While waiting in line, there was a young lady (about 19) who had signed a contract with Face the night before.

I should have thought twice, after looking at her, but I didn't.

Our interview consisted of my daughter walking up to a table for a young man to look at her. He handed me a blank form identical to the first form I had filled out.

While waiting we were informed that if we received one of these forms we were being asked to come back that evening.

Our first interview was at 5:45 pm, and we had to return at 8:00 pm dressed to impress in business attire.

We were told to be on time or too bad. I live approximately an hour from the hotel, which gave me very little time to get back.

Once we came back, we entered into a room of 187 call backs along with many parents.

The room didn't accommodate enough sitting room, so about 50-75 people stood.

Carrie began to ramble on about how Face is the best, and how your looks were everything in this career.

I modeled briefly as a young teen and know what this business is about, but I never expected to hear what I heard.

I give the guy credit; he was very humorous and to the point regarding looks.

He bashed several other companies and their modeling camps. However, he never once really focused on money Face makes off their photo shoots.

He made it sound as if you could use your own hand-picked professional or theirs.

Being the skeptic that I am, I phoned their office to verify the business, and I also went to their website.

After reviewing their website, I bought in. I made my call back time the next day and she was in.

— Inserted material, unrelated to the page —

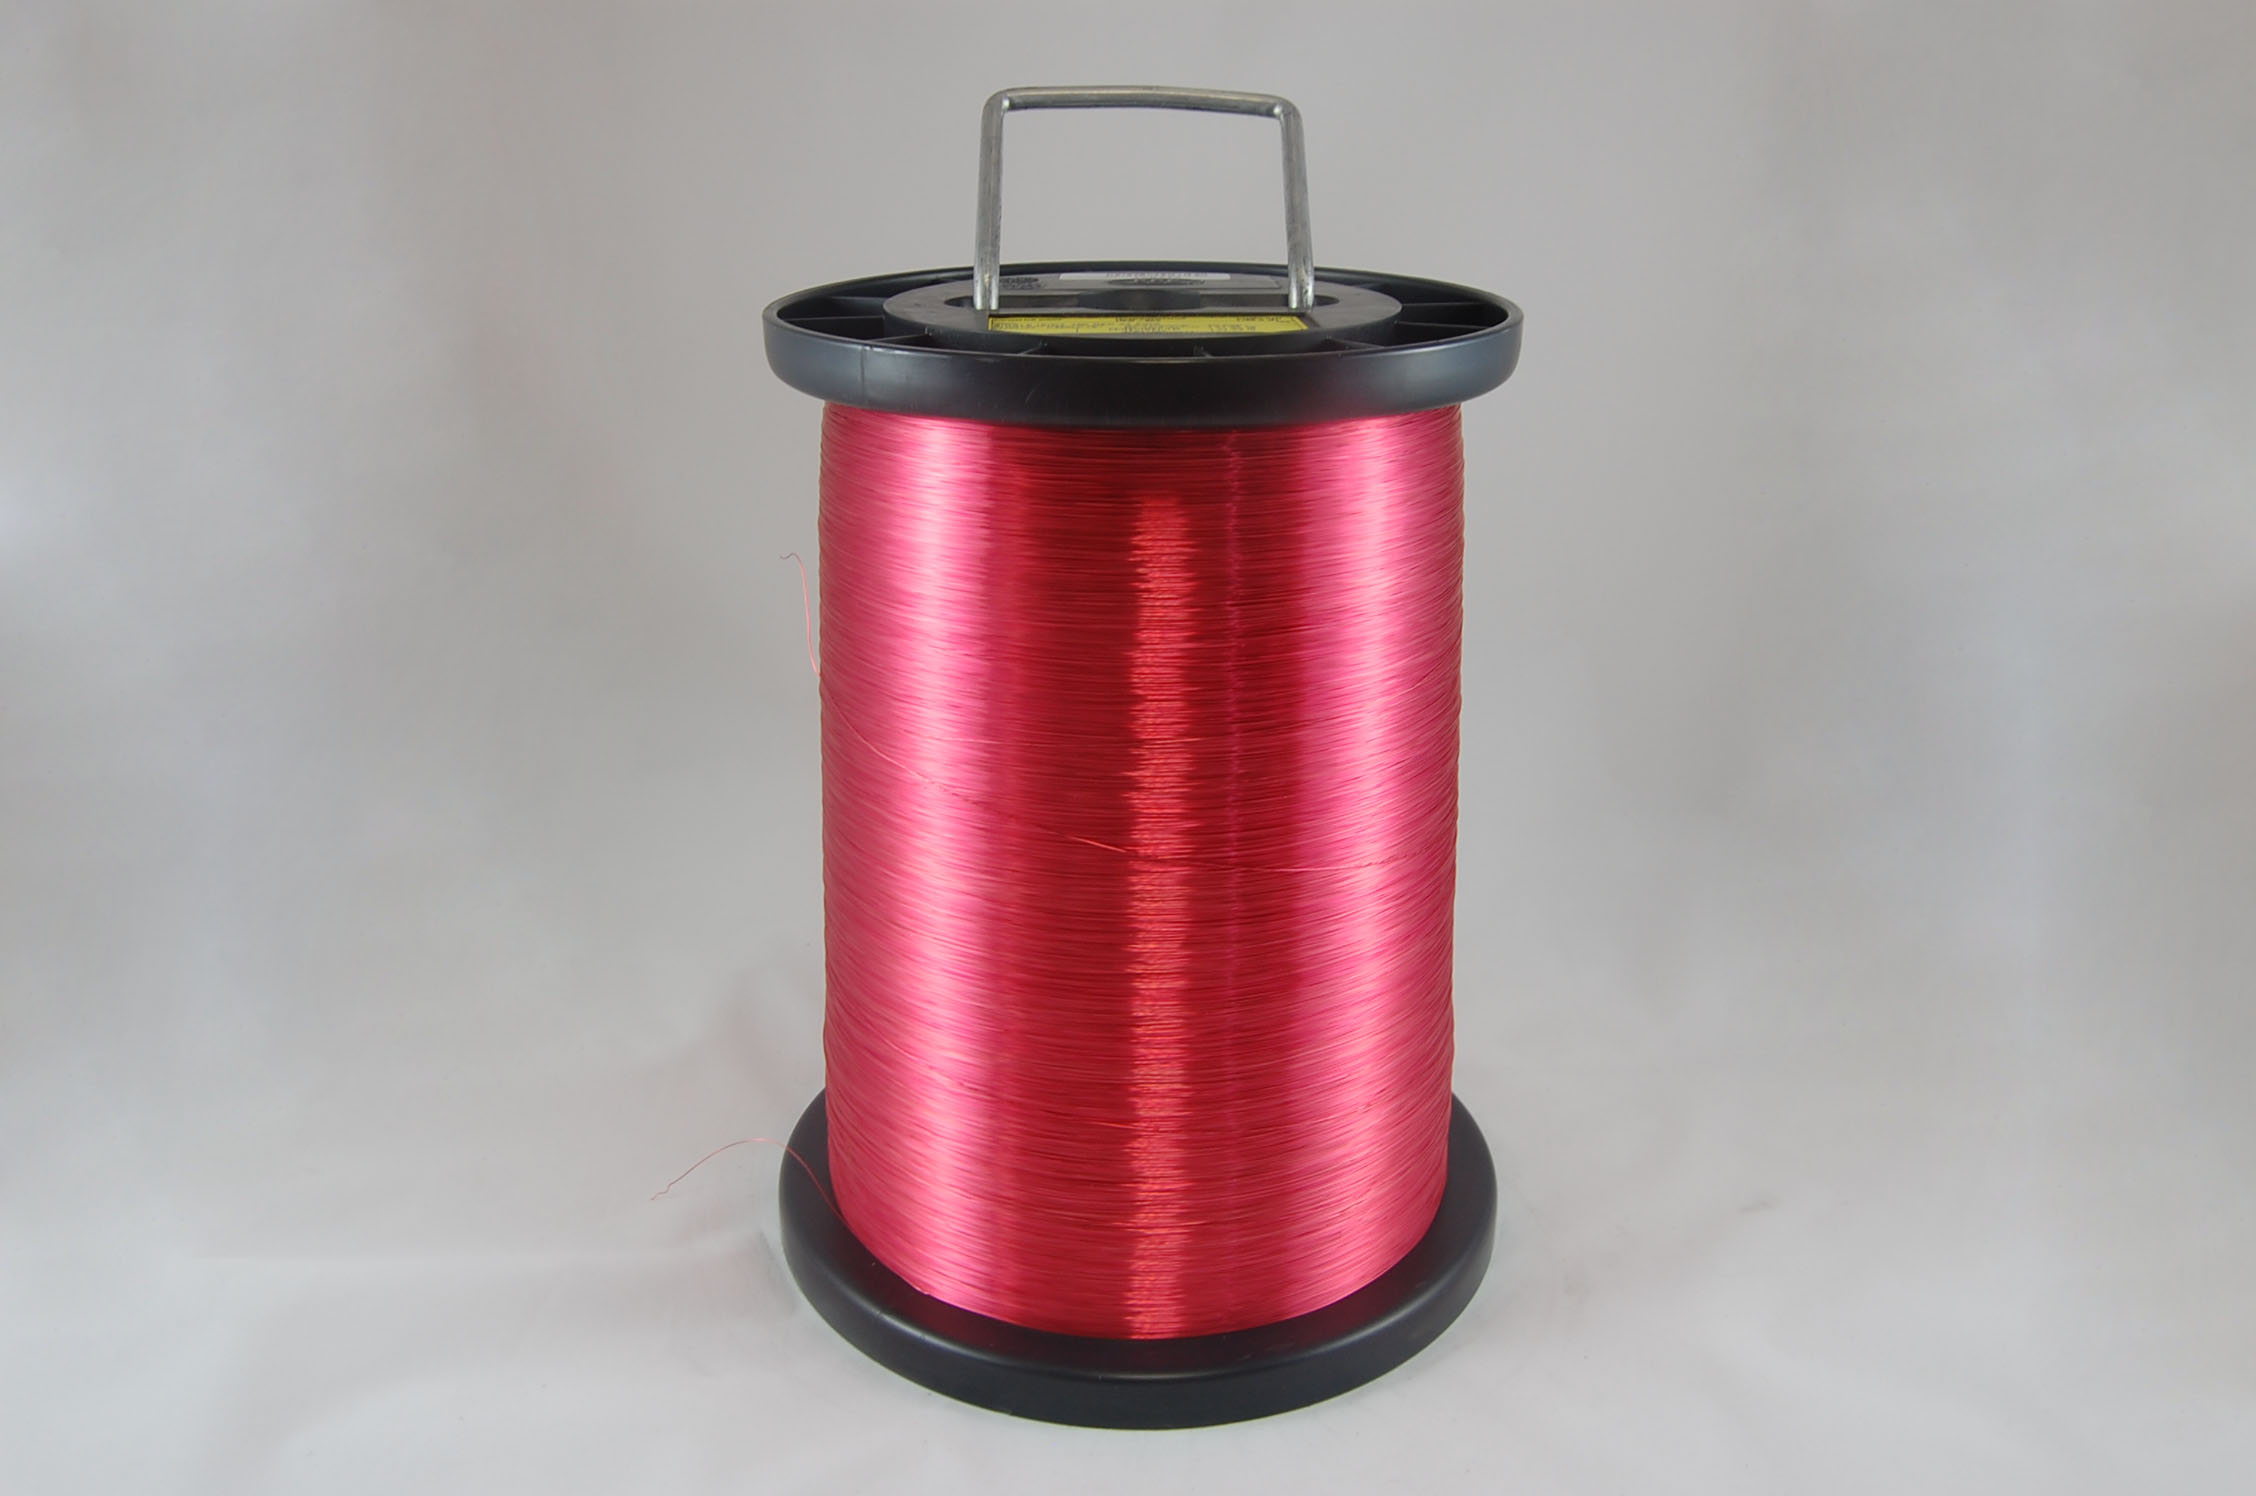 #22 Heavy INVEMID 200 Round MW 35 Copper Magnet Wire 200°C, copper, 45 LB half pack pail (average wght.)

I was asked if I wanted to use their photographer, but declined. Then I was told to have my pictures/comp cards in hand by my next meeting in August 2002 (two weeks to be exact).

I've been frantically searching for a good photograper since mid-July. I also went shopping to buy a few new outfits and shoes.

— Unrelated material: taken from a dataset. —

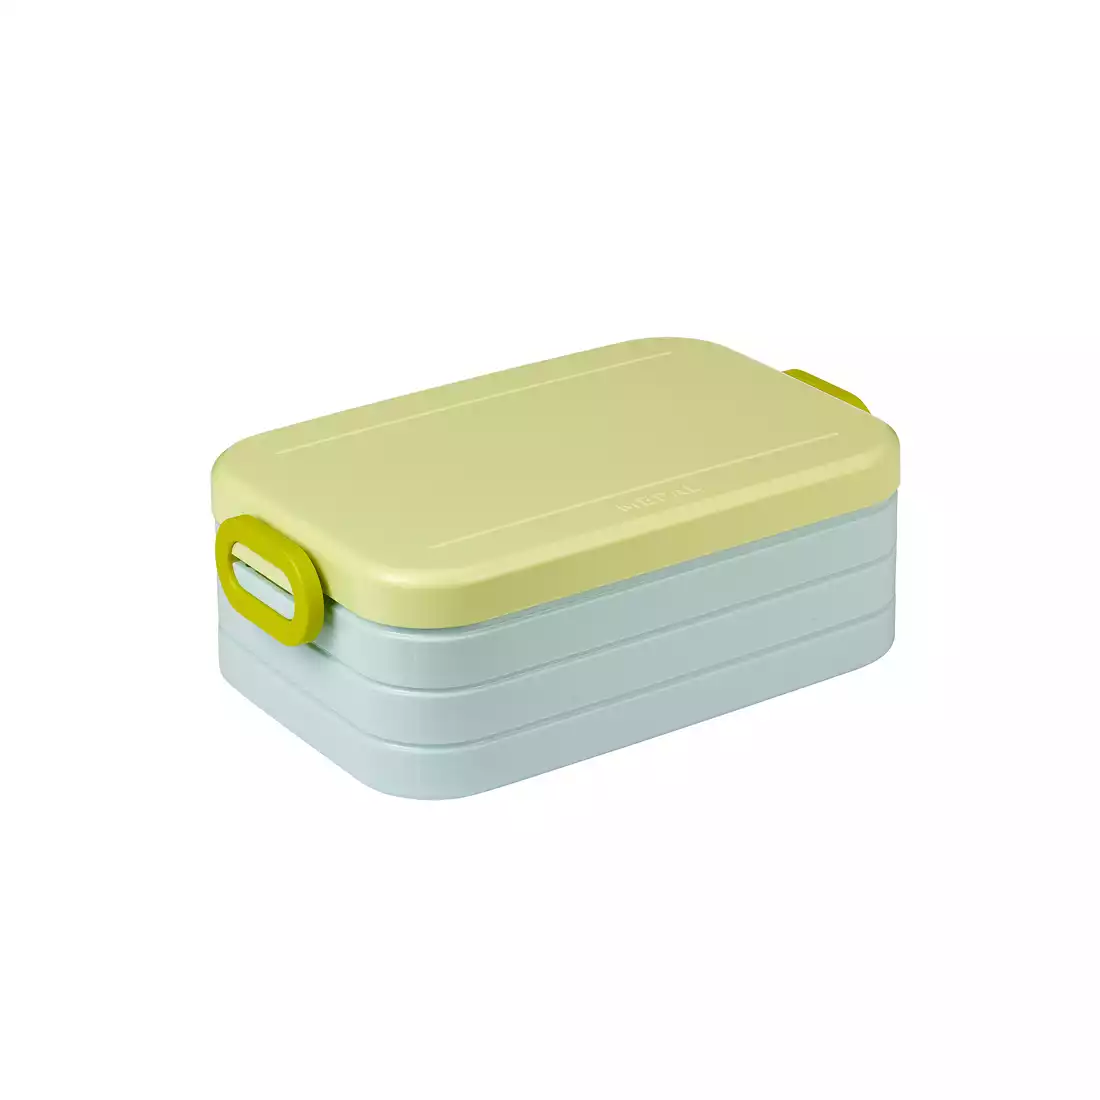 Mepal Take a Break Bento midi Lemon Vibe lunchbox, mátově žlutá

I found one photographer, but after meeting I didn't feel secure with the outcome.

After my meeting, I came home to find a letter from Face in the mail. What this letter said is not what we were told in the meeting with Carrie.

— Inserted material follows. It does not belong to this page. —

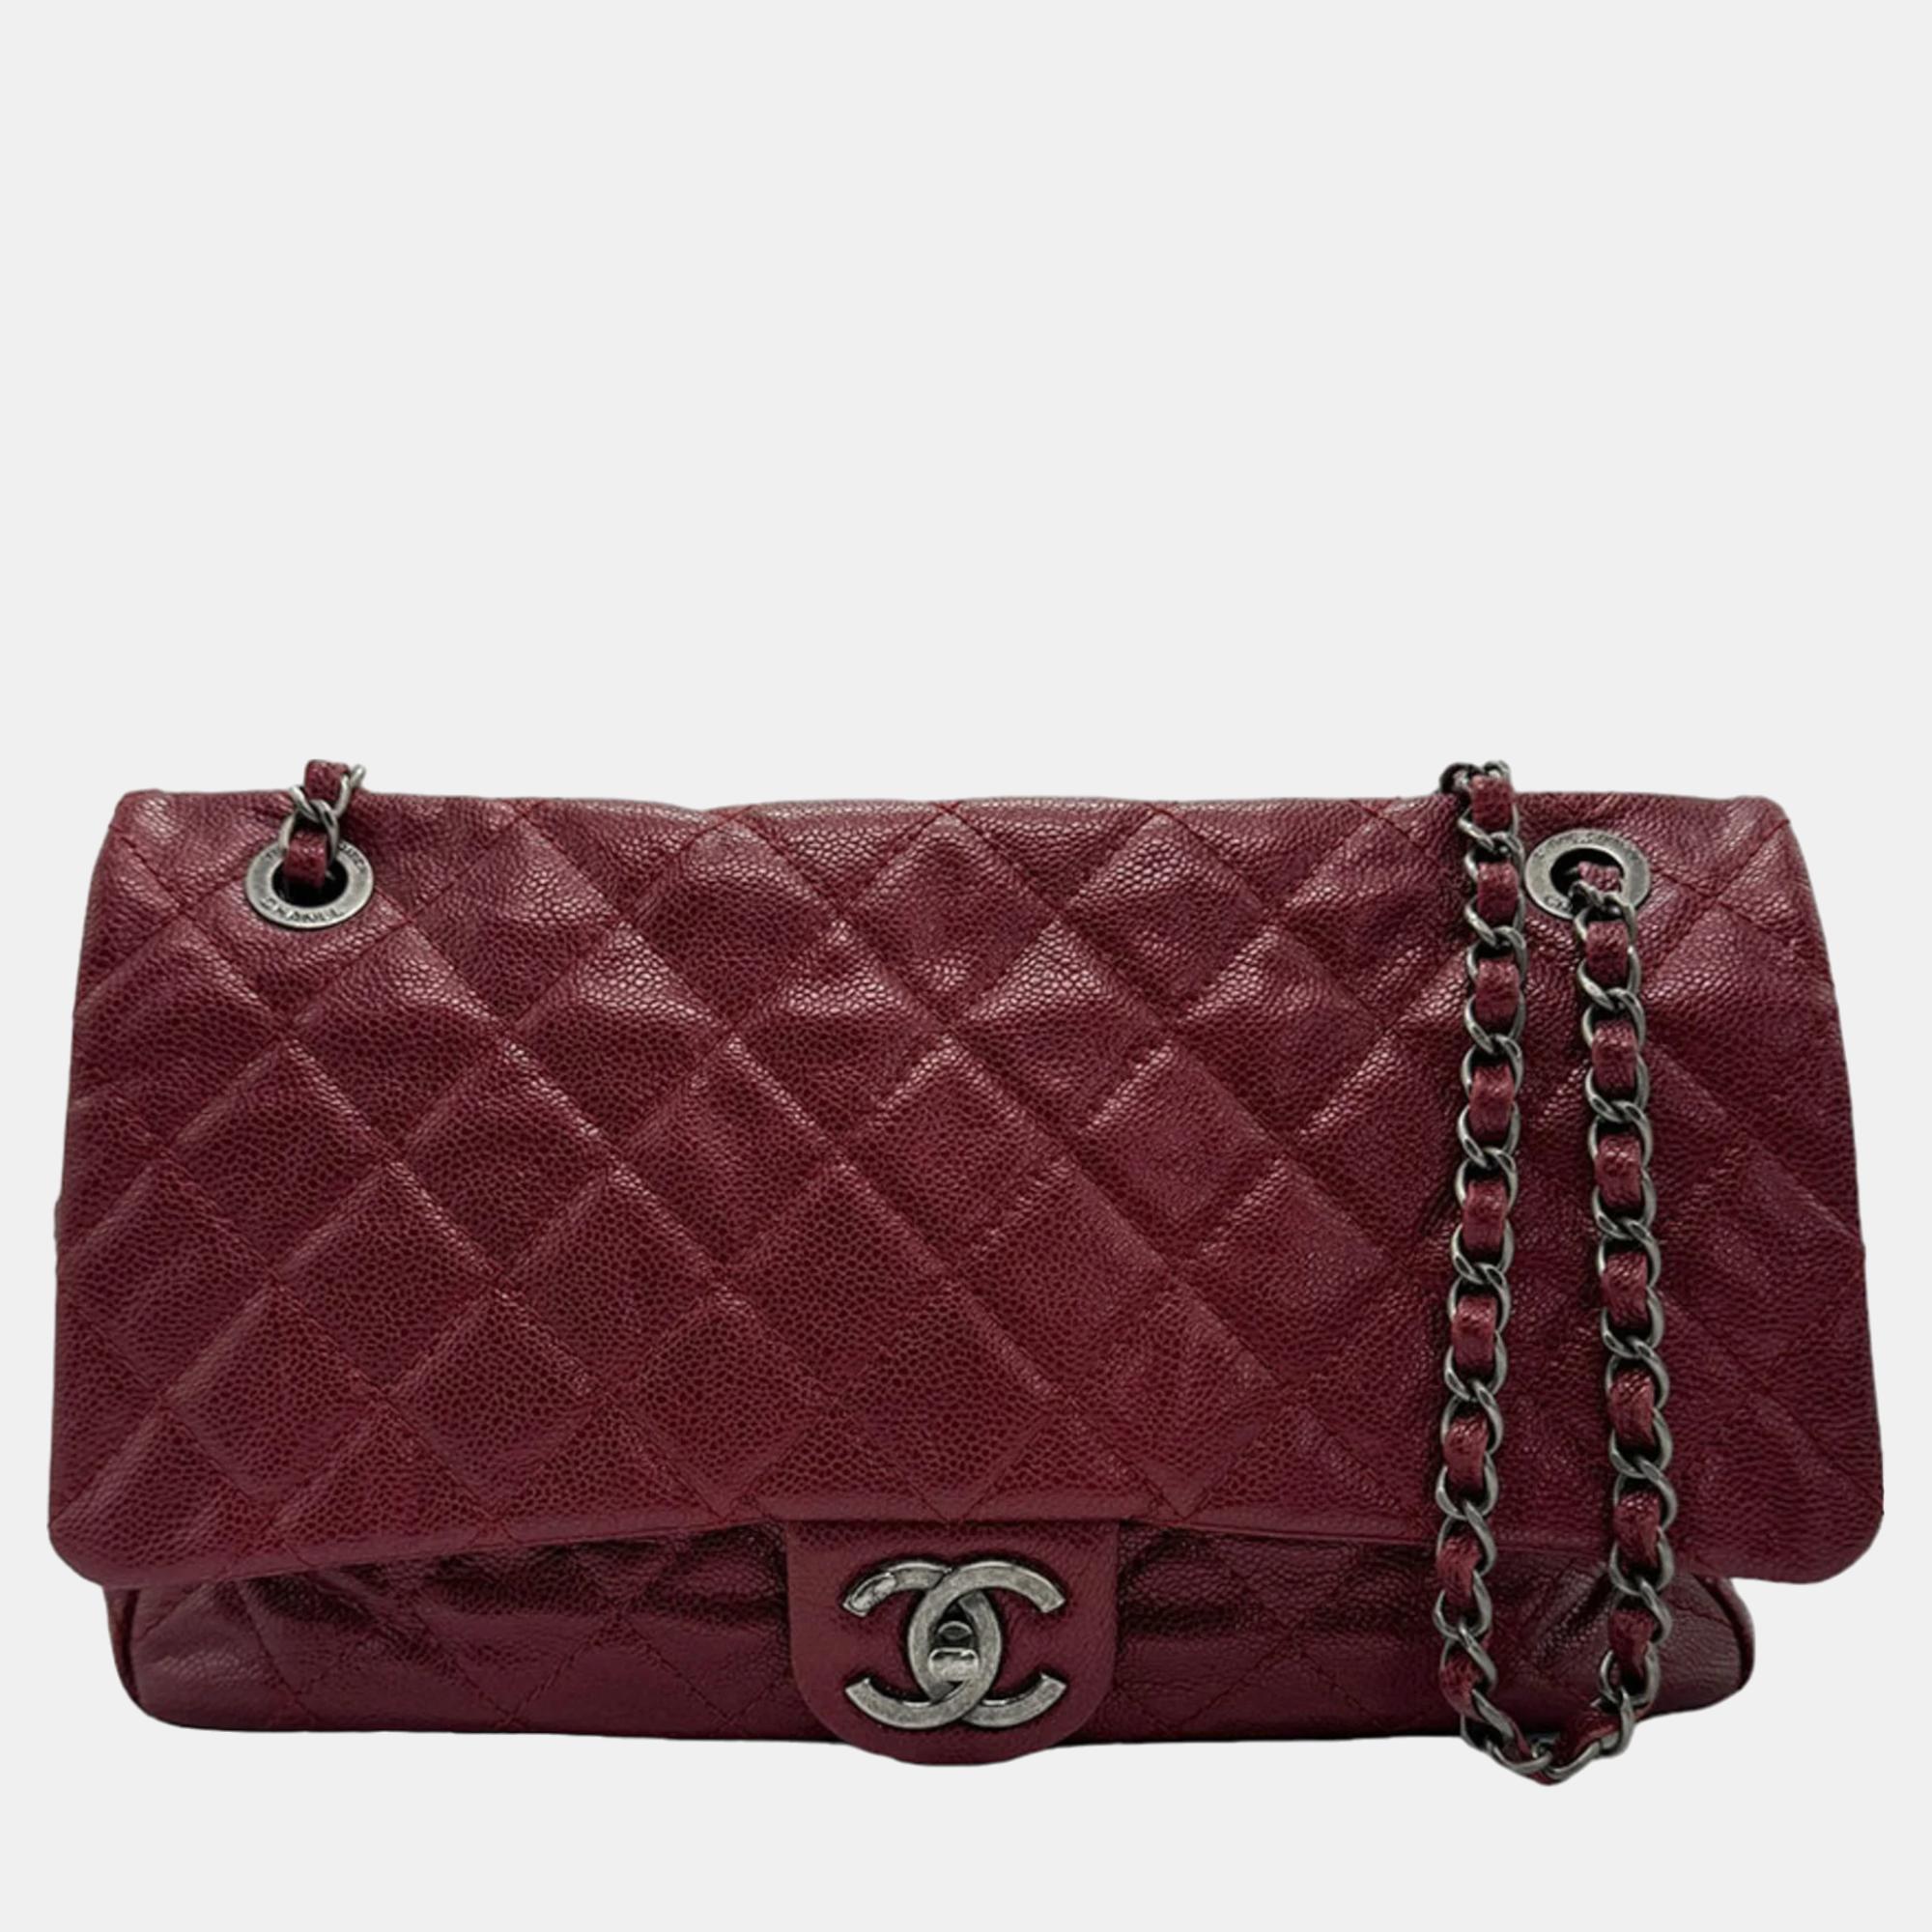 Chanel dark red caviar leather cc  easy shoulder bag

The letter contains sentences such as:

  • Read & learn your model information book (never received one).
  • Bring your photography for the agent to review at the workshop (what workshop?).
  • At your preview the agent will select the pictures for your composite cards (we were told in the initial meeting to already have them).
  • And last but far from least, you must use Face to supply your composite cards only (when did that rule come into play?).

I came back to look at the Face website again and here I am. I was linked to this site first. This site made me call a friend who knows the in's and out's of the Texans football team to check up on a statement made by Carrie during the initial meeting.

Carrie had stated that they'd been contracted to do promotional work for the Houston Texans, but from what my friend has said they have not.

I'm glad I dug for information, because tomorrow my daughter would have been at an expensive $400 photoshoot with someone I'm unsure about to begin with.

But at least I now know that I have enough connections here to find someone legitimate.

I only took my daughter to the Face National Models and Talent open call because I was not thinking clearly.

Thank you for your website.

C.D.S.

P.S. I have a correction to make. The one photographer I found was very nice and seemed great with my kid. She was the one who made me go back to the website, by asking me for the web address. Had she not asked for it, I wouldn't have tried to go back. This is what me made unsure.

When trying to go back, I got Modeling Scams. She emailed me this morning wanting the exact name of the company, because she has another young lady coming in for a very hasty photoshoot. She said she wants to make sure the girl knows this information if she's using the same agency.

I have every intention of informing the Houston Police Department of this agency's scam.

I will also inform the radio station 104-KRBE and the Radisson Astrodome Hotel. They need to know that they are contributing to the problem.

I myself did not become a victim, but I could have.

I hope everyone begins to notify the authorities and anyone contributing to the problem. There are very young teens and parents of small children that keep getting scammed.